You can create secrets in Key Management Service and integrate the secrets into your application to achieve unified management of sensitive data. This topic describes how to create secrets and integrate secrets into an application.
Background information
KMS allows you to manage the lifecycles of secrets. For example, you can create, delete, and modify a secret. In application code, you can retrieve secrets by using an SDK. This helps prevent sensitive data leaks caused by hardcoded secrets in applications.
KMS allows you to manage generic secrets, Resource Access Management (RAM) secrets, ApsaraDB RDS secrets, and Elastic Compute Service (ECS) secrets. For more information about secrets, see Overview.
Usage notes
KMS uses a key to encrypt a secret. The key and the secret must belong to the same KMS instance, and the key must be a symmetric key. For more information about the symmetric keys that are supported by KMS, see Key types.
Prerequisites
A KMS instance is created and enabled. For more information, see Purchase and enable a KMS instance.
A key is created. For more information, see Getting started with keys.
Step 1: Create a secret
When you create a secret, you can configure secret rotation settings. Secrets Manager periodically updates the secret to ensure the security of the secret.
Log on to the KMS console. In the top navigation bar, select the required region. In the left-side navigation pane, click Secrets.
On the Secrets page, click a tab based on the type of secret that you want to create, select the required instance ID from the Instance ID drop-down list, and then click Create Secret. In the panel that appears, configure the parameters and click OK.
Generic Secrets
Parameter
Description
Secret Name
The name of the secret.
Secret Value
The type of sensitive data that you want to manage. Valid values: Secret Key/Value and Plain Text.

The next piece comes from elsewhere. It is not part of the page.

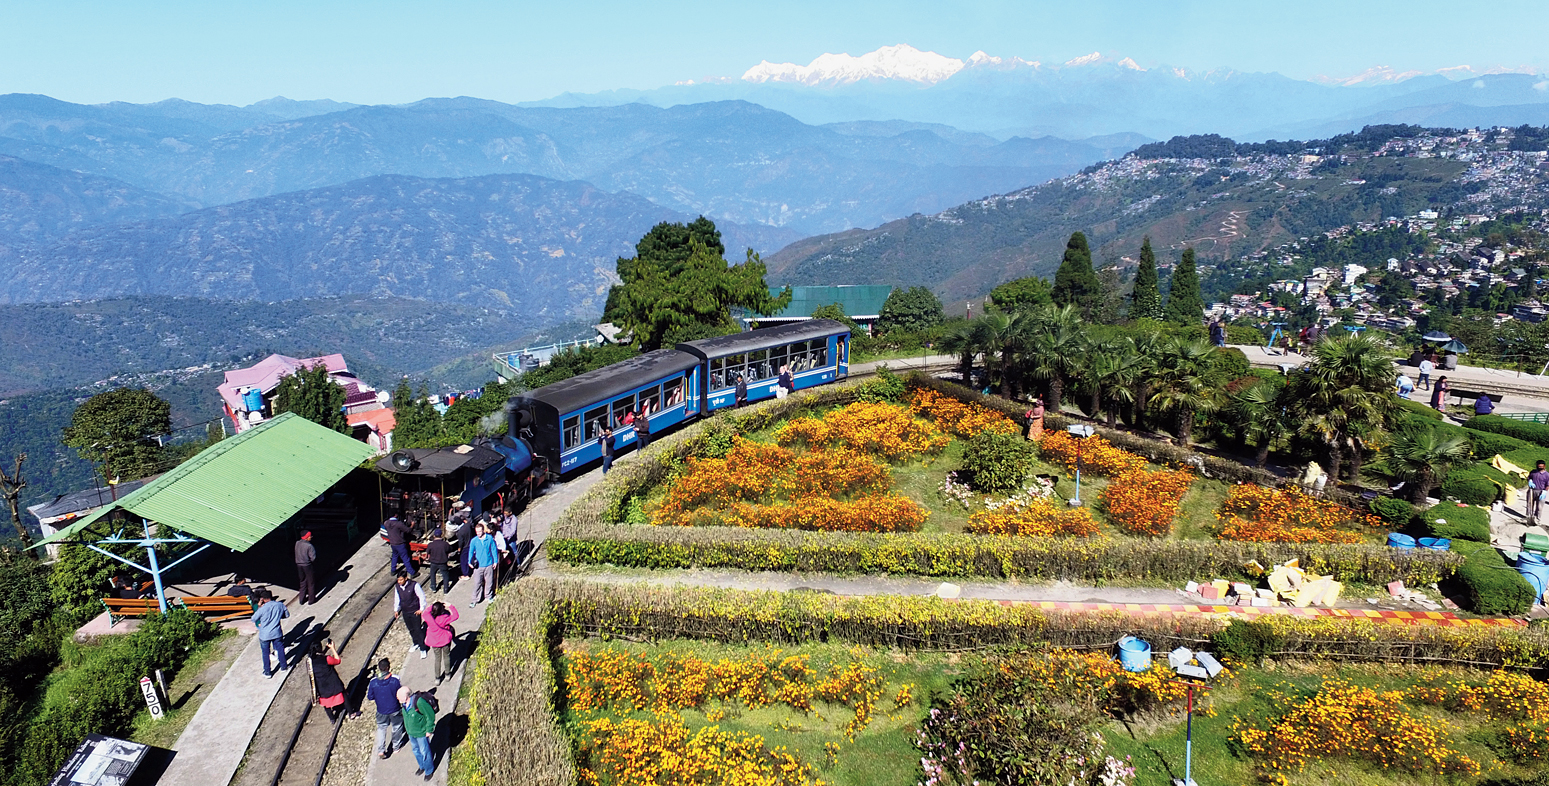 A toy train passes through Batasia Loop in Darjeeling

The value cannot exceed 30,720 bytes in length, which is equivalent to 30 KB in size.
Initial Version
The initial version of the secret. Default value: v1. You can also specify a custom version number.
CMK
The key that is used to encrypt the secret.
ImportantYour key and secret must belong to the same KMS instance. The key must be a symmetric key. For more information about the symmetric keys supported by KMS, see Key types and specifications.
Tag
The tag that you want to add to the secret. You can use tags to classify and manage secrets. A tag consists of a key-value pair.

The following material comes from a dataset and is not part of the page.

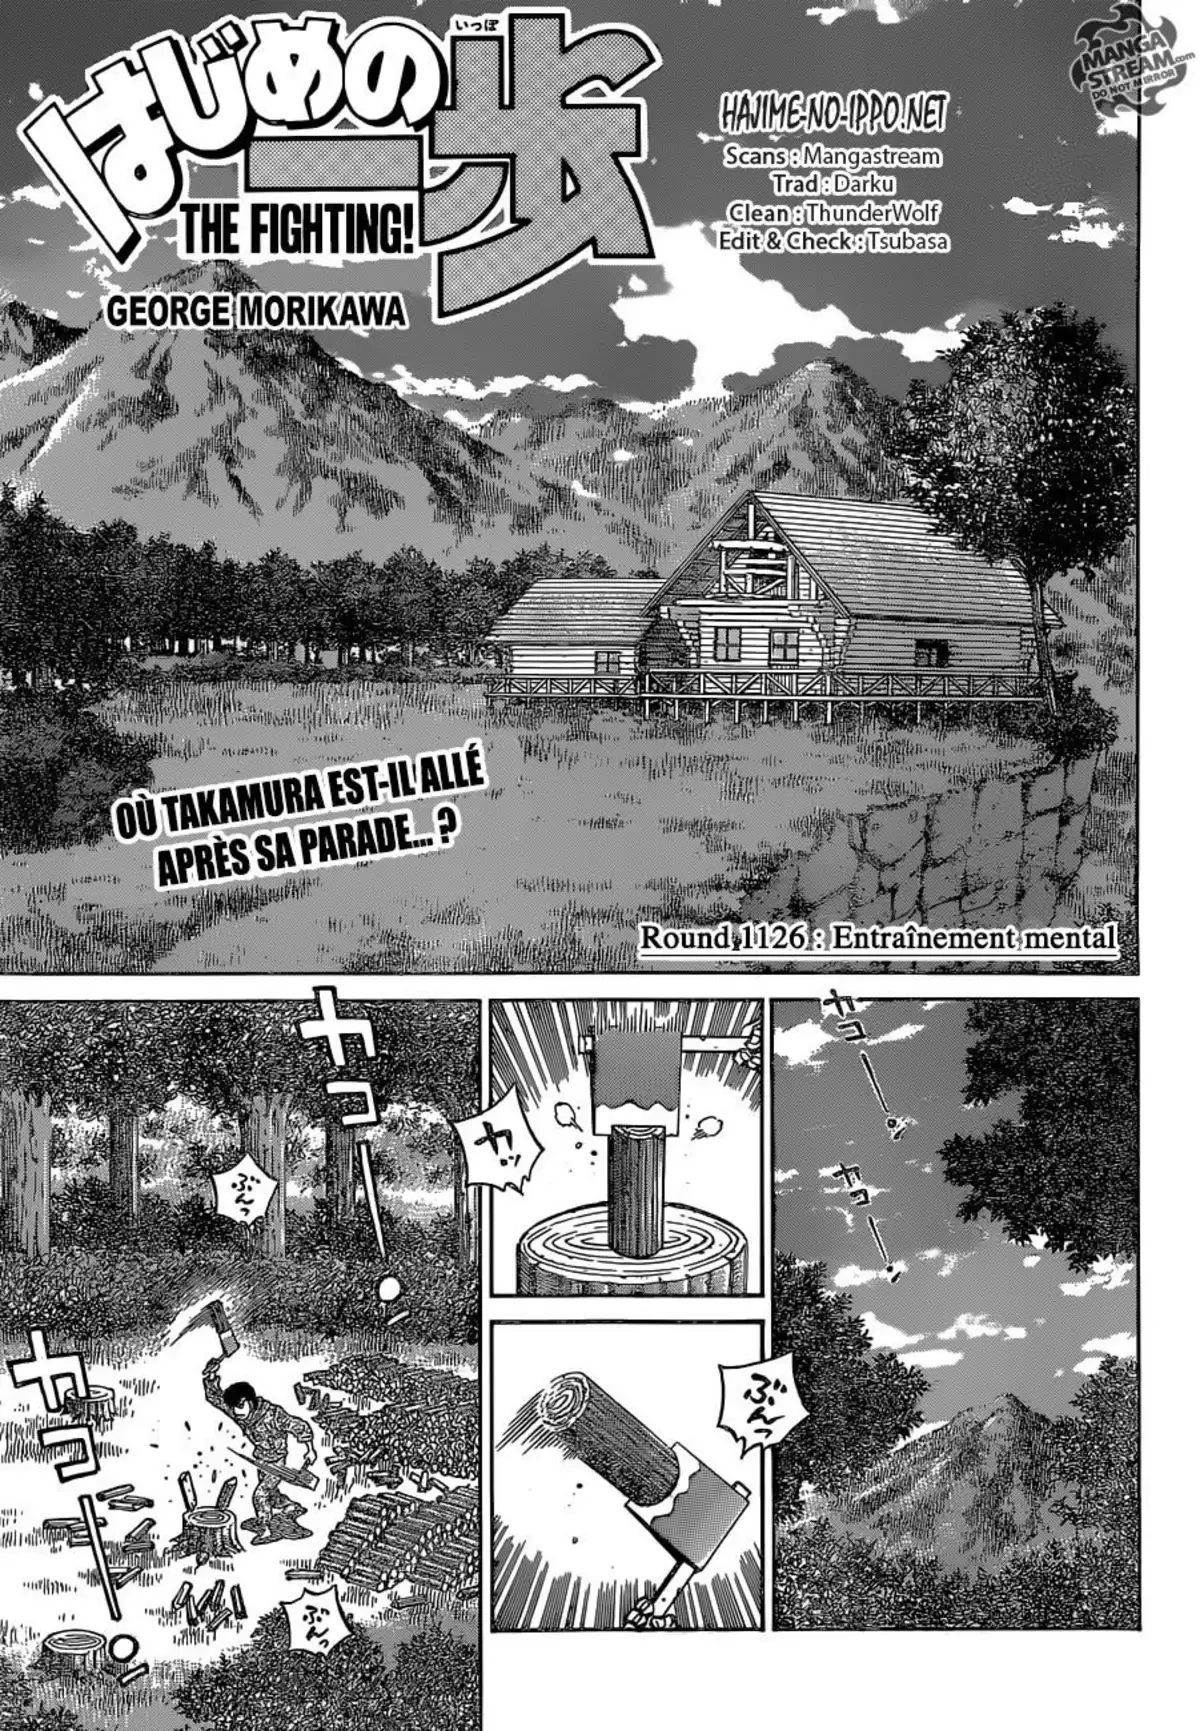 Hajime no Ippo Volume 114 page 2

NoteA tag key or a tag value can be up to 128 characters in length and can contain letters, digits, forward slashes (/), backslashes (\), underscores (_), hyphens (-), periods (.), plus signs (+), equal sign (=), colons (:), and at signs (@).
A tag key cannot start with aliyun or acs:.
You can configure up to 20 key-value pairs for each secret.
Description
The description of the secret.
Advanced Settings
The policy settings of the secret.
Default Policy: If the secret is used by the current Alibaba Cloud account or the Alibaba Cloud account in a resource share, select Default Policy.
If the KMS instance is not shared with other accounts, only the current Alibaba Cloud account can manage and use the secret.
If the KMS instance is shared with other accounts, the supported operations vary. For example, an instance named KMS Instance A is shared with Alibaba Cloud Account 2 by using Alibaba Cloud Account 1.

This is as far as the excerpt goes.